Task goal -> Provide only the number of lines below that hold "Ottoman".

Raw data ->
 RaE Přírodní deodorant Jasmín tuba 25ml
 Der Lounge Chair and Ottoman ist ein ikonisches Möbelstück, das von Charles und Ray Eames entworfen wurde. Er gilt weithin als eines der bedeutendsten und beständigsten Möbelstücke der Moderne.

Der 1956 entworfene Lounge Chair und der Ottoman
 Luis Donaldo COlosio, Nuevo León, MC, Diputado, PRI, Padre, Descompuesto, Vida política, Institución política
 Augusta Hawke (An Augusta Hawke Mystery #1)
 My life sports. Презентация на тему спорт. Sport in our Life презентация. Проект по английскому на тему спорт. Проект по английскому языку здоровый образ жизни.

Output -> 2